Присели на первый попавшийся на глаза чурбак, вернее – корягу, узкую, шаткую, и сидели плотно плечом к плечу, казалось, друг друга поддерживали, сохраняя общую устойчивость и равновесие.
Афанасию Ильичу, только присел он, представилось, что тишина вокруг сгустилась и стала наседать на плечи, легонько, заботливо подталкивая: приляг, вздремни. В мышцах томно и густо тянулась усталость, во всём теле погудывало, точно в непогоду в печной трубе. Однако в сердце – тихо, очень тихо.
«Покой в груди, как в прекрасном сне».
Сердце не волнуется, оно вполне и полностью довольно: одолели стихию. Мало-помалу устанавливалось чувство, близкое к состоянию радости, а может, даже к переживанию счастья, восторга. Думалось хотя и путанно, неясно, но в ласкавшей всякую нарождавшуюся мысль дрёме. Хотелось, напрягшись, встряхнувшись, обдумать, глубже уяснить, о чём говорили, о чём любомудрствовали, однако отчего-то трудно было ясно разглядеть, казалось бы, совсем недавно услышанные, мысли. И хотя поговорили сбивчиво, с виду несерьёзно, однако сейчас, в тишине, в роздыхе, нарастало ощущение, что разговор был при всём при том верным, полезным.
«В голове свежее и чище стало, будто бы обмыл запылившиеся мозги», – желая усмехнуться, подумал Афанасий Ильич.
Но усмехнуться снова, уже в который раз сегодня, не вышло, потому что хотелось по-серьёзному и думать, и чувствовать, и – жить.
Приятно чуять плечом плечо Петруни, слышать его ровное дыхание, припоминать его рассуждения, вслушиваться в его бормотание о том о сём.
«Чудно́, встретились врагами, а теперь, заматерелый зэк и партийный чинуша, сидим, балакаем едва ли не товарищами, соратниками. Это, как он сказал, поле битвы в какие-то несколько часов спаяло нас. И хочется, чтобы мы все подольше отсюда не расходились».

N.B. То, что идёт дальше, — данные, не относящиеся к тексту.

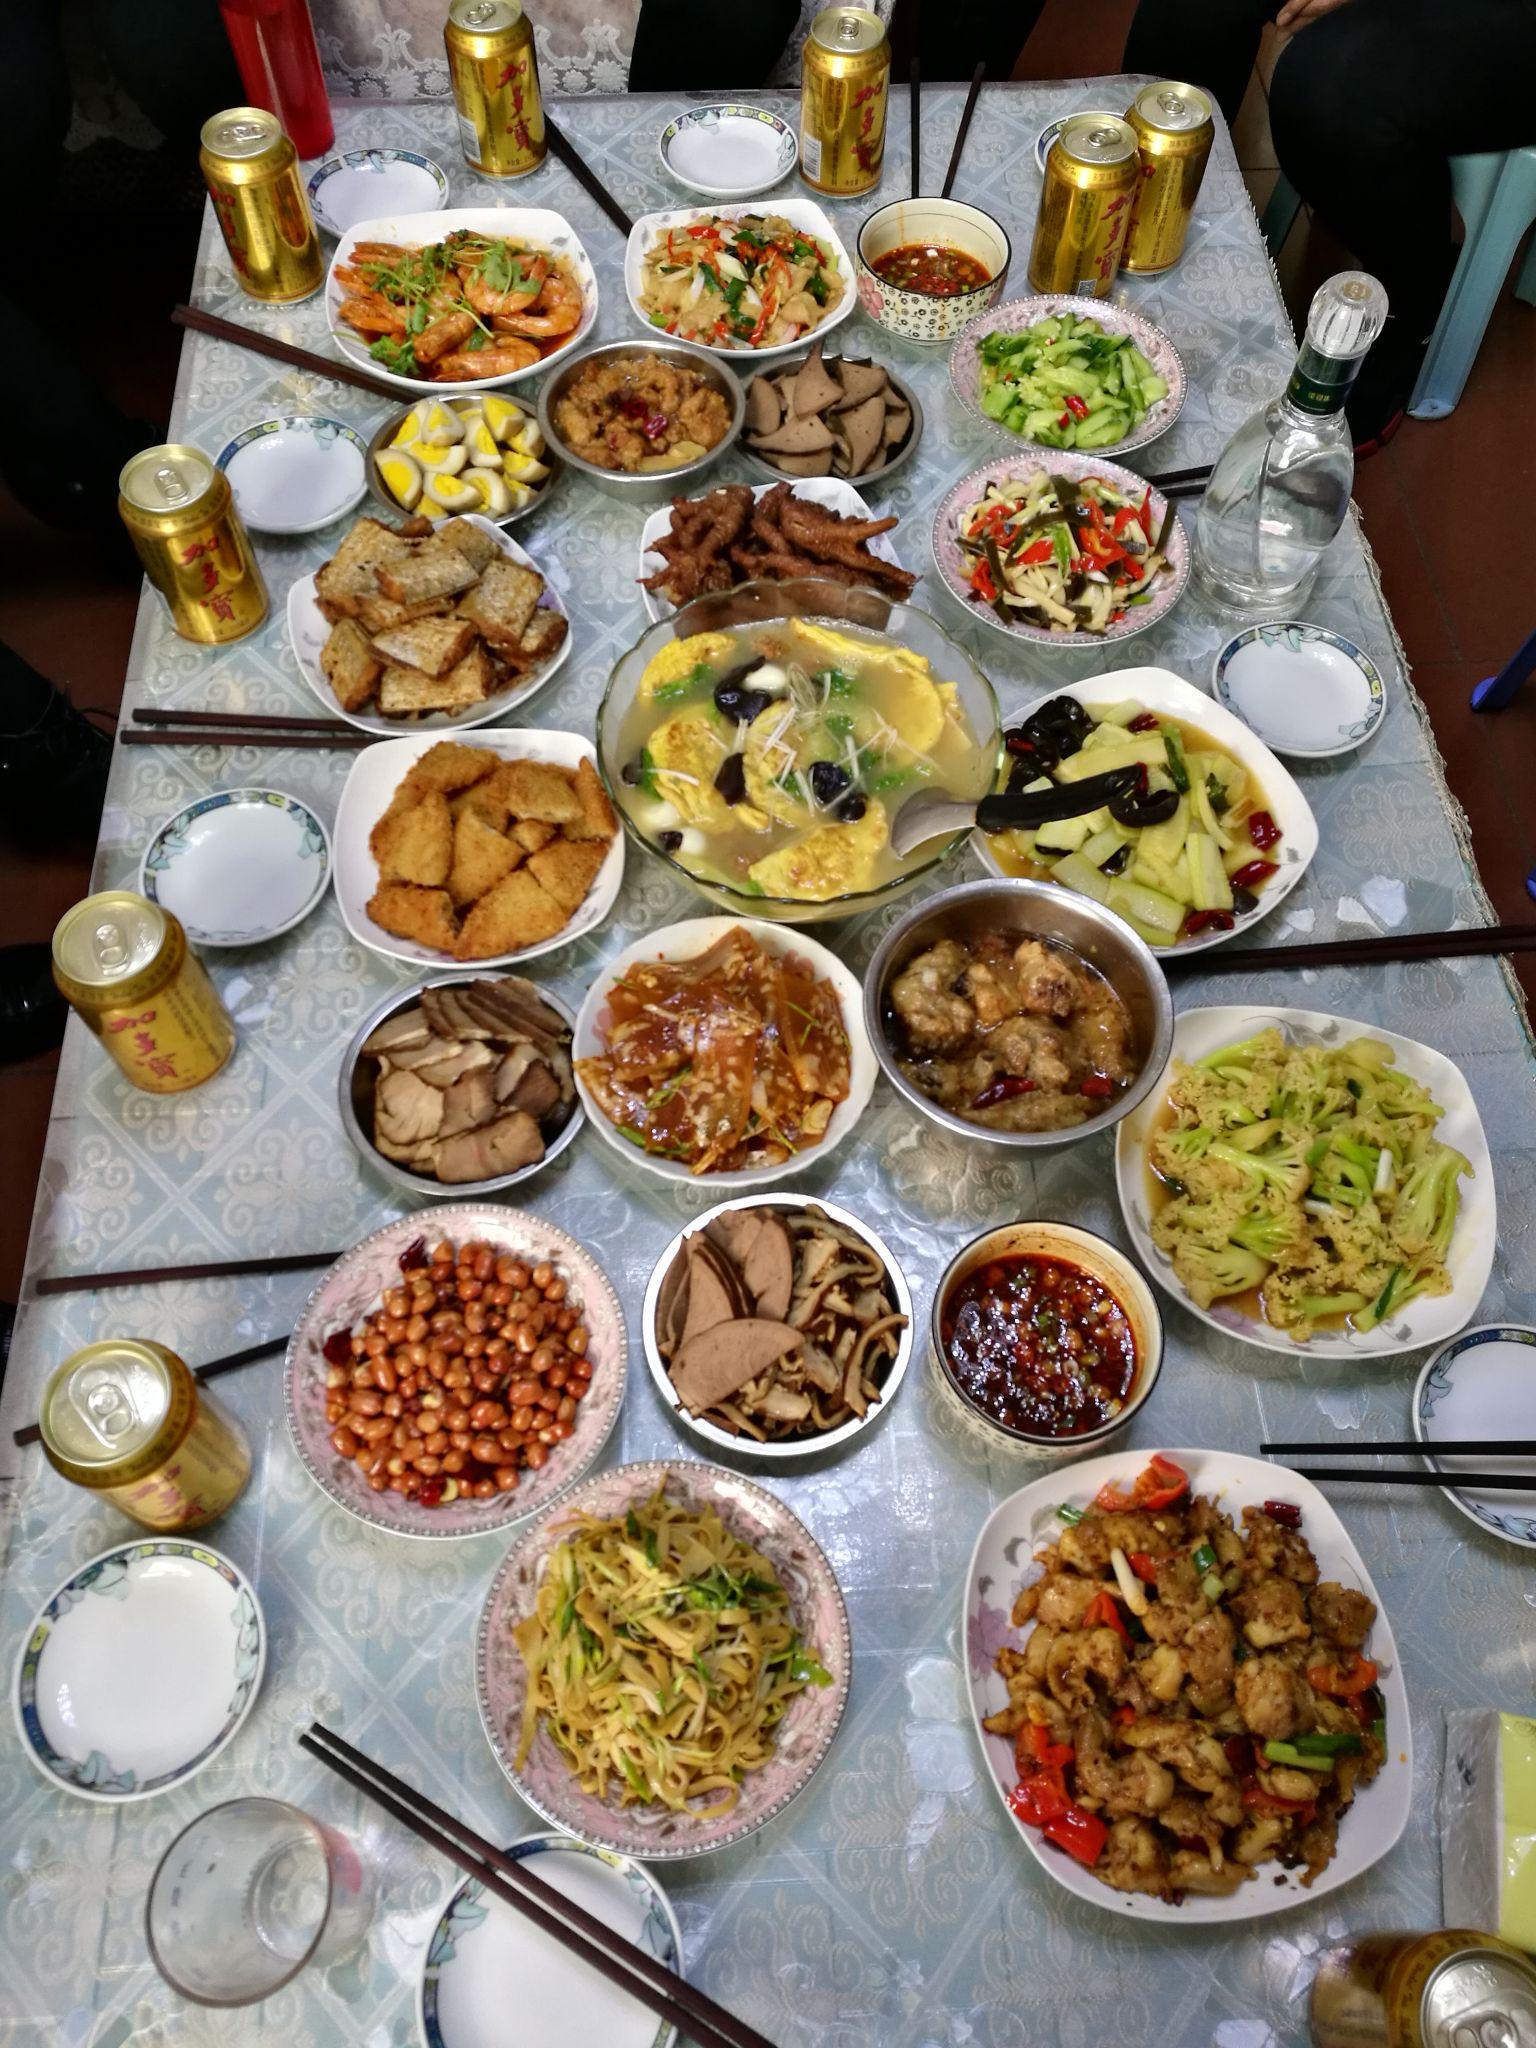 2021 年春节,你在西安的年夜饭是什么样?

Уже ночь, и хотя не лунная, не подсвеченная огнями улиц и изб, да и пламена пожарища уже не могут дать ей света, тем более зарева, потому что уползли от села за взгорья, в черёмуховые кущи пабереги, однако, на диво, озирался озадаченный и восхищённый Афанасий Ильич, ночь совсем не чёрная, совсем не дремучая по глухоманной таёжности здешних мест.
Она – светлая.
Когда тушили пожар, казалось, что просматривалось только то, что находилось вблизи, там, где полыхал огонь, а дальше, особенно далеко в таёжье и по многовёрстой пойме Ангары, – потёмки, мрак, нараставшее господство ночи и глуши. Теперь же окрестности и дали стало видно во все пределы, почти как и тогда, с горы во время беседы с Фёдором Тихонычем. Но отчего же этот свет, эта вдохновенная осветлённость, если не сказать, осиянность, всего беспредельного простора вместе с Единкой и Ангарой, вместе с этим страшным выжженным полем битвы, на краю которого около столетия благополучно простояла, а теперь двумя настойчивыми молодыми людьми начала приготовляться к какой-то иной жизни изба, но уже на новом месте? Тогда был ещё день, наполненный солнцем и ясным небом, наступало предвечерие, собирались сумерки. И понятно, почему было просторно, почему с возвышенности над Ангарой и Единкой просматривалось отчётливо даже в далёких далях. Но сейчас, недоумевал Афанасий Ильич, в темноте глухой ночи, отчего эта распахнутость, отчего эта отчётливость, отчего эта чеканная очерченность земных просторов и высот неба?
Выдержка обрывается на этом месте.